DIY is the right call when you genuinely just need a placeholder, you have time and patience, and the site isn't a meaningful source of customers yet.
2. A freelancer
Typically $1,000–$4,000 for a small-business site. A good freelancer gets you a real custom design and a human to talk to. The risk is consistency: freelancers get busy, take full-time jobs, or move on, and "who maintains this next year?" becomes your problem. Quality also swings wildly — vet the portfolio and ask who hosts and updates the site after launch.
3. A studio (like No404)
Generally $2,500–$8,000+ for a small-to-mid business site, usually with an ongoing care plan. You're paying for a designed, hand-built site plus someone who's still there in a year when you need a page changed or something breaks. At No404, website packages start at $2,500 for a Starter site and run to $6,000+ for sites with e-commerce and custom integrations — with managed hosting and support included rather than billed as a surprise.

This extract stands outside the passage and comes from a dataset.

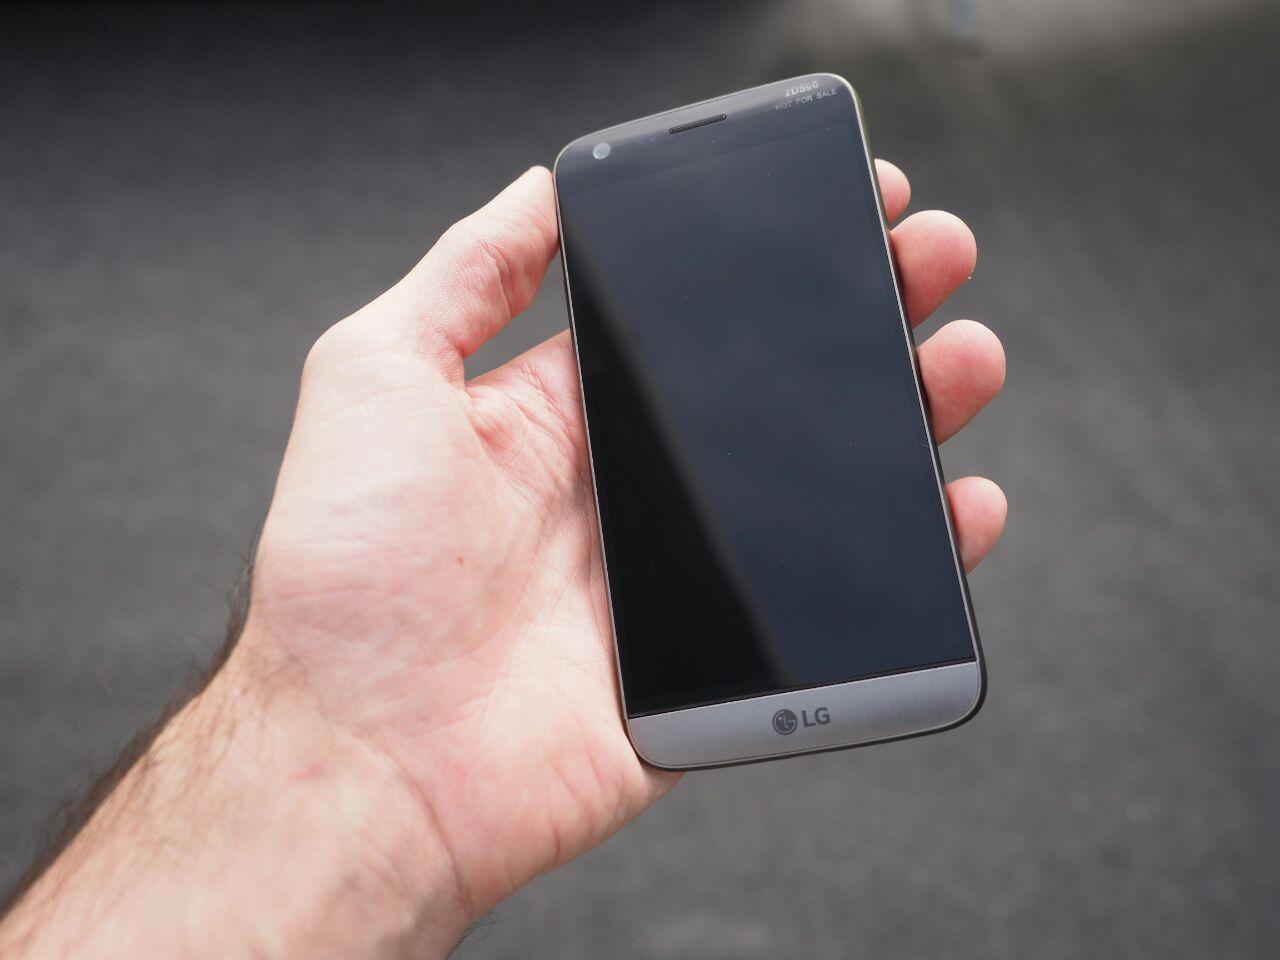 El teléfono estrella de LG (LG G5) ha llegado

What actually drives the price
Two sites can both cost "a website," and the gap between them is almost always one of these five things:
- Number of pages. A 3-page site is a different amount of work than a 12-page site with service pages, location pages, and an about section. More pages means more design, more copy, more testing.
- Custom design vs. template. Starting from a template is cheap and fast and looks like everyone else. A custom design built around your brand and your sales process takes more hours — and it's usually where the real value is.

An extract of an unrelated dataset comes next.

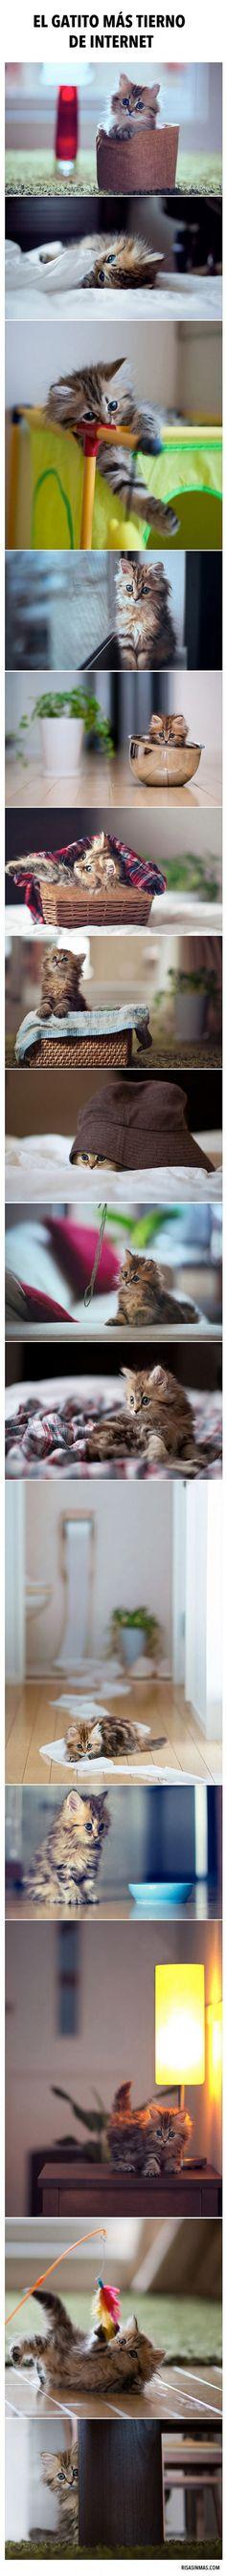 El gatito más tierno de Internet

- Booking and e-commerce. The moment a site needs to take an appointment or a payment, you've added real functionality: scheduling logic, a cart, checkout, confirmations. That's a step up in scope.
- Integrations. Connecting the site to your CRM, calendar, email marketing, or invoicing tool is what makes it actually useful day to day — and each connection is real work.

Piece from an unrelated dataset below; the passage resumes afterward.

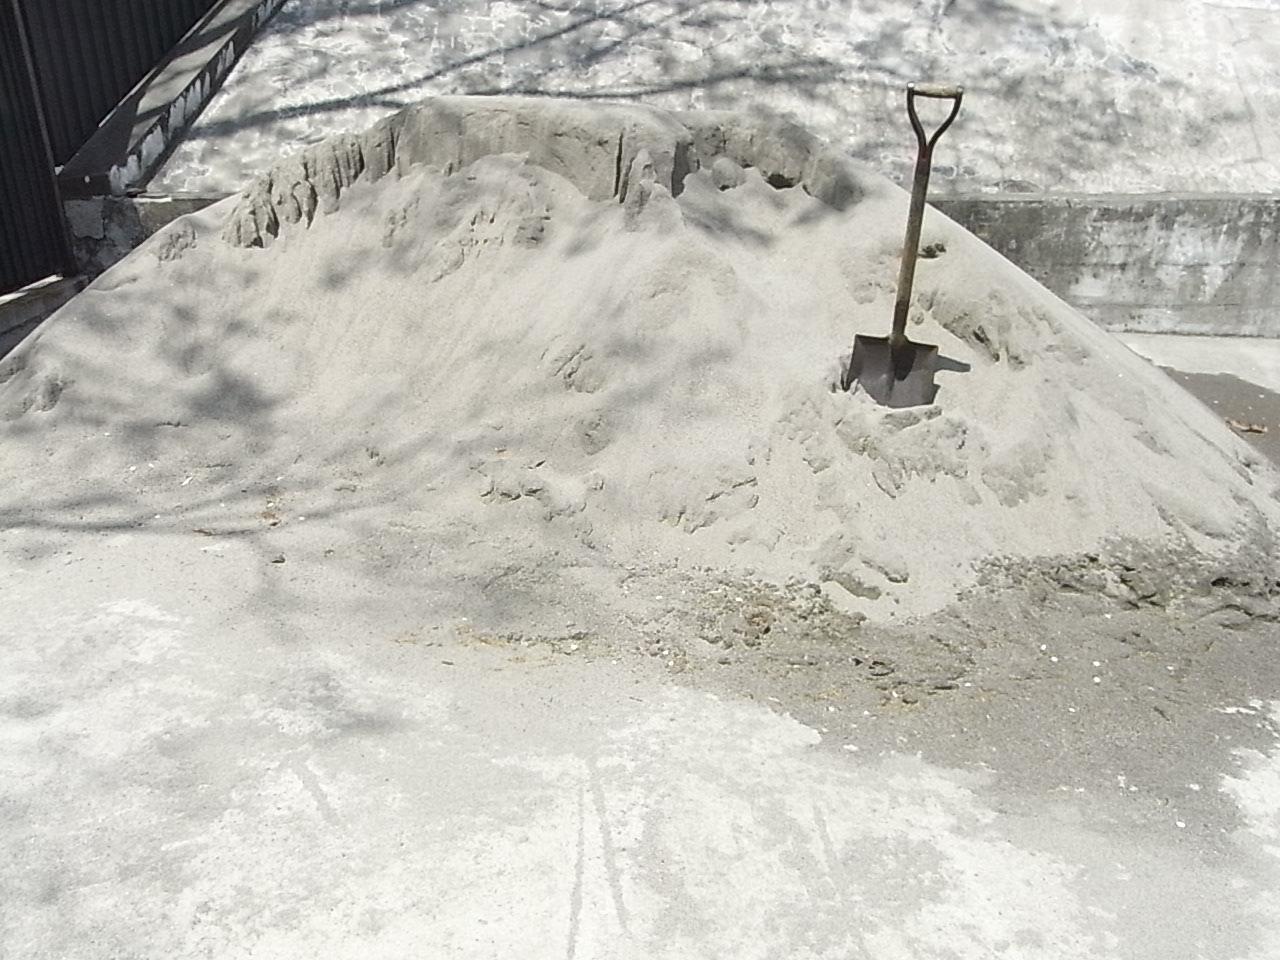 陸上競技場の脇。整備用の砂?

- Copywriting and SEO. "Just put my info on it" and "write pages that rank in Indianapolis and convert visitors into calls" are very different jobs.
What you get at each level
Here's a rough map of what each budget buys for a typical Indianapolis small business:
- ~$2,500–$3,500 (Starter): A clean, mobile-friendly custom site of about 5 pages, a contact form, basic SEO, SSL, and managed hosting. Right for newer businesses that need to look professional and get found.
- ~$4,000–$5,500 (Business): Up to ~10 pages, fully custom design, e-commerce or booking readiness, deeper SEO, analytics, and social integration. The sweet spot for established local businesses that get real leads from their site.
- ~$6,000–$8,000+ (Enterprise): Larger sites with a full online store, custom integrations, priority support, and monitoring. For businesses where the website is a core revenue channel.
You can see real and demo examples of each level — a dental practice with online booking, a multi-page law firm site, and a working e-commerce store — on my Work page.
When custom is actually worth it
Not every business needs a custom build, and I'll tell you when you don't. But custom earns its cost when:
- Your website is a real source of leads or sales — not just a digital business card.
- You have a specific sales process the site should follow (the way a fire-protection company or a dental practice books work is not generic).
- You need the site to connect to other tools, take bookings, or take payments.
- You want one person who designs it, builds it, and is still around to support it.
If what you actually need is closer to an internal tool or an application — not a marketing site at all — that's a different conversation, and I wrote a whole guide on telling the difference: Do You Need an App, a Website, or Custom Software?
The bottom line
For most Indianapolis small businesses, a professional, custom-built website lands somewhere in the $3,000–$8,000 range, with a modest monthly care plan to keep it hosted, secure, and updated. Cheaper exists, but you're usually trading away design, support, or both. The right question isn't "what's the cheapest?" — it's "what will this site actually do for my business, and who's standing behind it?"